To start the preprocessing, you have to:

  • start SILO in the preprocessing mode
  • mount the data into the container to the default location
  • mount the preprocessing config into the container to the default location
  • mount the database config into the container to the default location
  • mount the output directory into the container to the default location

Add a corresponding service to the docker-compose.yaml:

~/lapisExample/docker-compose.yaml
version: '3.9'
services:
silo-preprocessing:
image: ghcr.io/genspectrum/lapis-silo
command: --preprocessing
volumes:
- ~/lapisExample/data:/preprocessing/input
- ~/lapisExample/config/preprocessing_config.yaml:/app/preprocessing_config.yaml
- ~/lapisExample/config/database_config.yaml:/app/database_config.yaml
- ~/lapisExample/output:/preprocessing/output

After this has completed, the output directory should contain the result of the preprocessing. That result has to be provided to SILO in the next step.

Starting SILO

To start the SILO api, you have to:

  • start SILO in the api mode,
  • expose port 8081,
  • mount the preprocessing result into the container,
  • wait for the preprocessing to complete.

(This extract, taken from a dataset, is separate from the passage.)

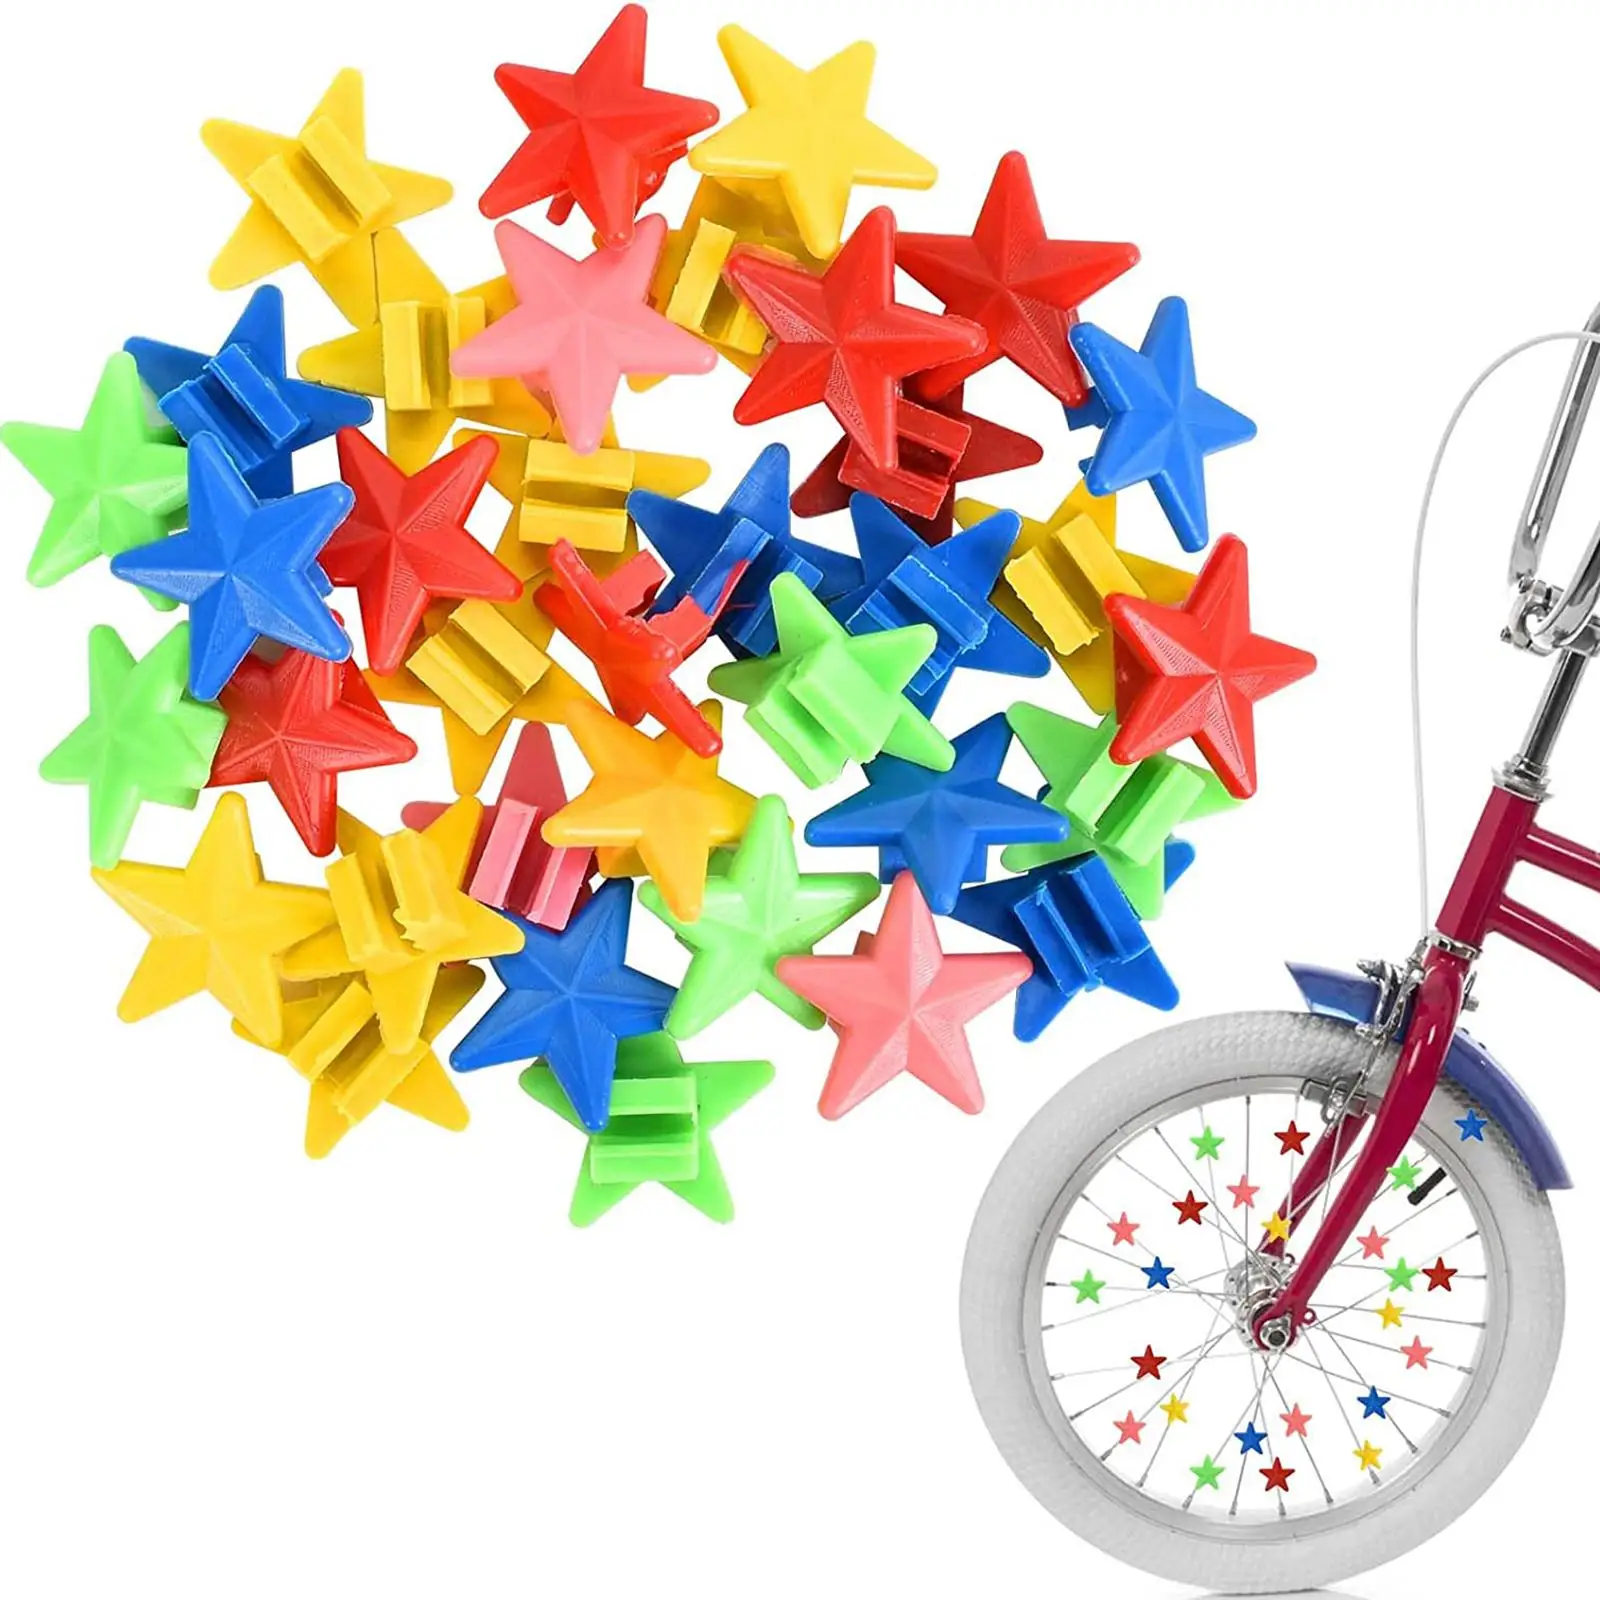 72 Pieces Bike Wheel Spokes Decoration Portable Colorful Universal Spoke Beads for Kids Boys Biking Accessories

Add a corresponding service to the docker-compose.yaml:

~/lapisExample/docker-compose.yaml
version: '3.9'
services:
silo-preprocessing:
image: ghcr.io/genspectrum/lapis-silo
command: --preprocessing
volumes:
- ~/lapisExample/data:/preprocessing/input
- ~/lapisExample/config/preprocessing_config.yaml:/app/preprocessing_config.yaml
- ~/lapisExample/config/database_config.yaml:/app/database_config.yaml
- ~/lapisExample/output:/preprocessing/output
silo-api:
image: ghcr.io/genspectrum/lapis-silo
command: --api
ports:
- '8081:8081'
volumes:
- ~/lapisExample/output:/data
depends_on:
silo-preprocessing:
condition: service_completed_successfully

Execute

Start the services
docker compose up

Now SILO should be available at http://localhost:8081 and http://localhost:8081/info should show that SILO contains sequences.

Starting LAPIS

Now you can start LAPIS. You have to:

  • expose port 8080 to the host.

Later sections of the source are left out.